The following theorem is taken from Matsumura's Commutative Ring Theory [M] Theorem 7.3(i) and the paragraph before it. My questions only concern the proof of the Theorem below.
A ring homomorphism $f:A\longrightarrow B$ induces a map ${}^{a\!}f:\mathrm{Spec}(B)\longrightarrow\mathrm{Spec}(A)$, under which a point $\mathfrak{p}\in\mathrm{Spec}(A)$ has an inverse image \begin{equation*} {}^{a\!}f^{-1}(\mathfrak{p})=\{P\in\mathrm{Spec}(B):P\cap A=\mathfrak{p}\} \end{equation*} which is homeomorphic to $\mathrm{Spec}(B\otimes_{A}\kappa(\mathfrak{p}))$.
Theorem. Let $f:A\longrightarrow B$ be a ring homomorphism and $M$ a $B$-module. If $M$ is faithfully flat over $A$, then ${}^{a\!}f(\mathrm{Supp}(M))=\mathrm{Spec}(A)$.
The proof of the theorem given by [M] is as follows:
For $\mathfrak{p}\in\mathrm{Spec}(A)$, since $\kappa(\mathfrak{p})\neq 0$, we have $M\otimes_{A}\kappa(\mathfrak{p})\neq 0$. Hence, if we set $C=B\otimes_{A}\kappa(\mathfrak{p})$ and $M'=M\otimes_{A}\kappa(\mathfrak{p})=M\otimes_{B}C$, the $C$-module $M'$ is non-zero, so that there is a $P^{\ast}\in\mathrm{Spec}(C)$ such that $M'_{P^{\ast}}\neq 0$. Now set $P=P^{\ast}\cap B$. Then \begin{align*} M_{P^{\ast}}'=M\otimes_{B}C_{P^{\ast}}=M\otimes_{B}\left(B_{P}\otimes_{B_{P}}C_{P^{\ast}}\right)=M_{P}\otimes_{B_{P}}C_{P^{\ast}} \end{align*} so that $M_{P}\neq 0$, that is, $P\in\mathrm{Supp}(M)$. But $P^{\ast}\in\mathrm{Spec}(B\otimes\kappa(\mathfrak{p}))$, so that as we have seen $P\cap A=\mathfrak{p}$. Therefore, $\mathfrak{p}\in{}^{a\!}f(\mathrm{Supp}(M))$.
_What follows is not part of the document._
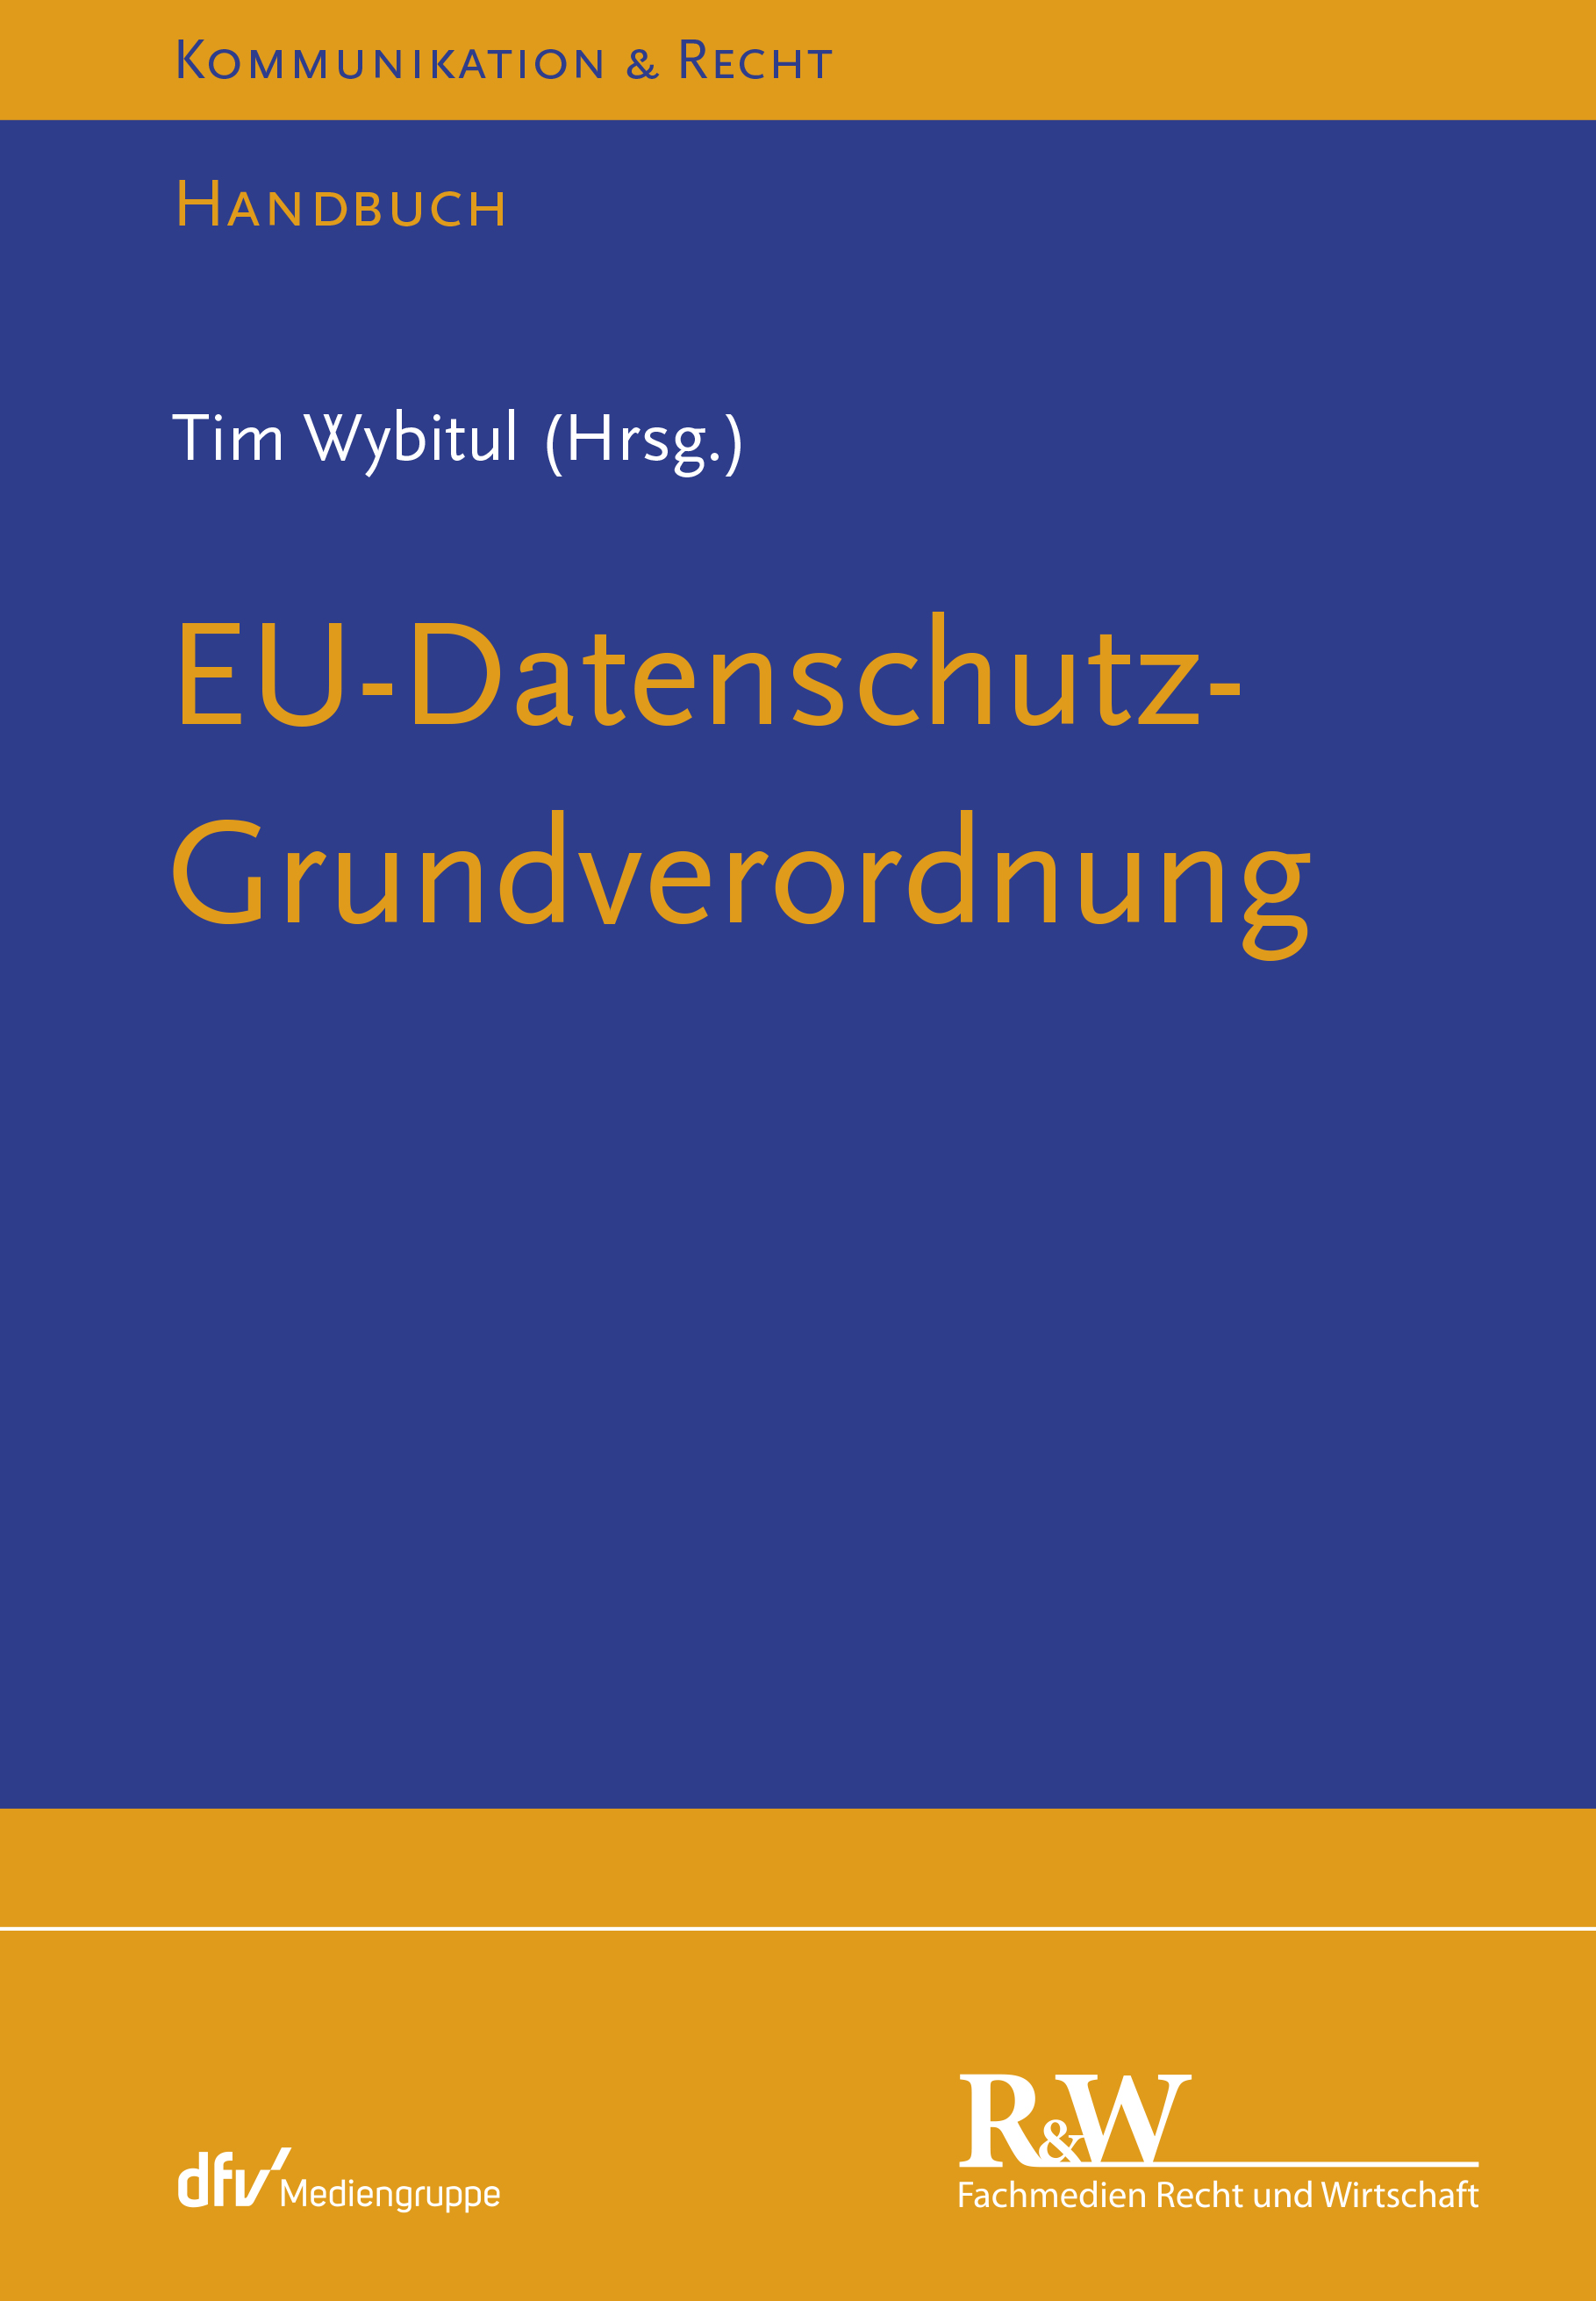 Abbildung: EU-Datenschutz-Grundverordnung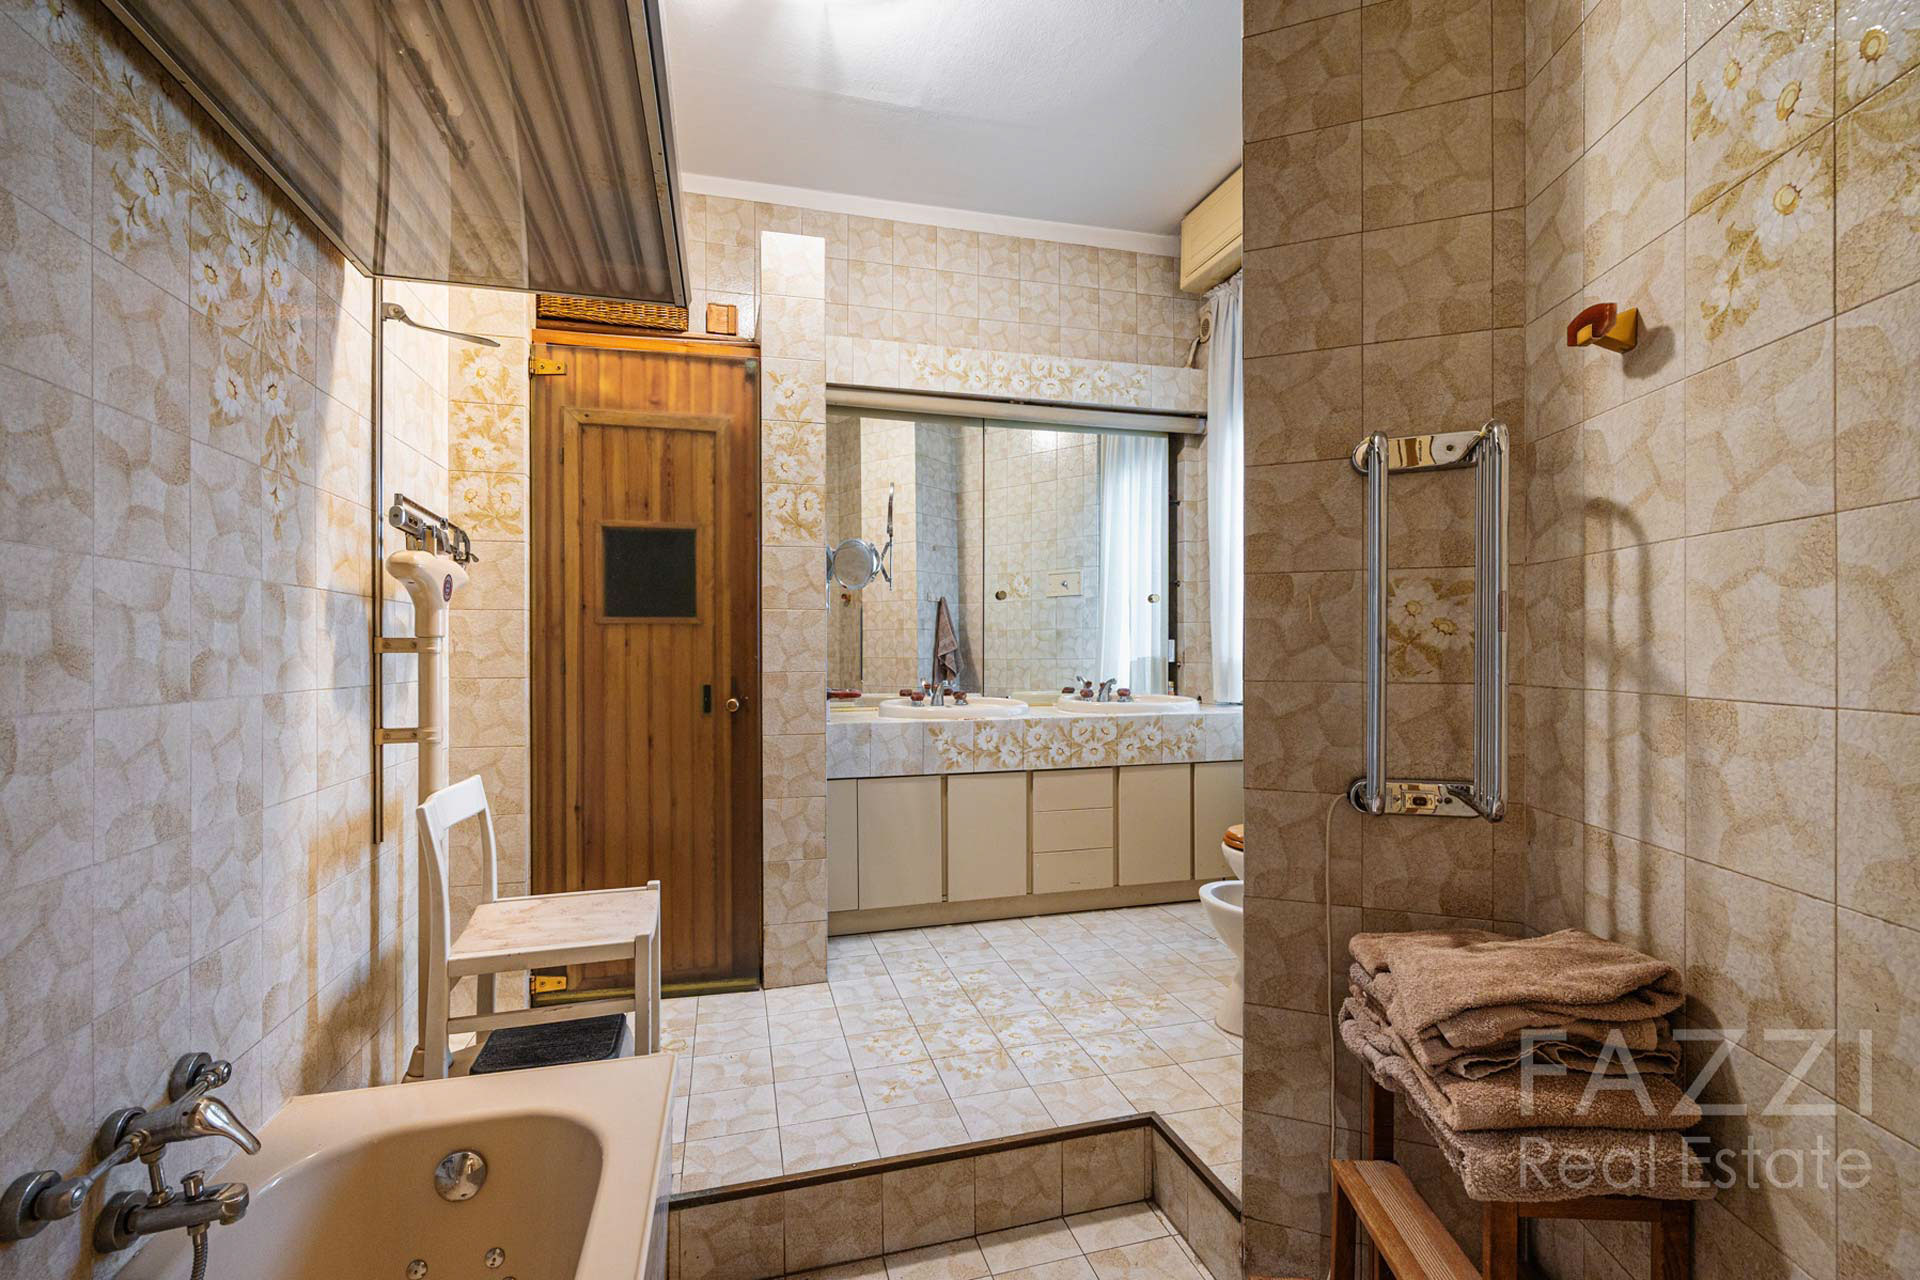 affitto appartamento via colonnetta  milano bagno  fazzi real estate

[M] seems to have skipped a few lines here and there in the proof of the theorem, and I've not been able to see how [M] obtains the following:
Why is $M'$ a non-zero $C$-module? (My guess is that $M\otimes_{A}\kappa(\mathfrak{p})\neq 0$ as an $A$-module, and so is non-zero as a $C$ module. Is this a correct understanding?)
Does such a $P^{\ast}$ exists such that $M_{P^{\ast}}\neq 0$? (I have completely no clue on this)
Any help or advice would be appreciated. I also do not have any knowledge on algebraic geometry, and as such, if there are books that I should look at in this aspect, please do recommend too. Thanks!
For question 1, your understanding is correct.
For question 2, I suppose you mean why is there a $P^*$ such that $M\color{red}'_{\!P^*}\ne\{0\}$. That is because as $M'$ is nonzero, its support in $\operatorname{Spec}C$ is nonempty.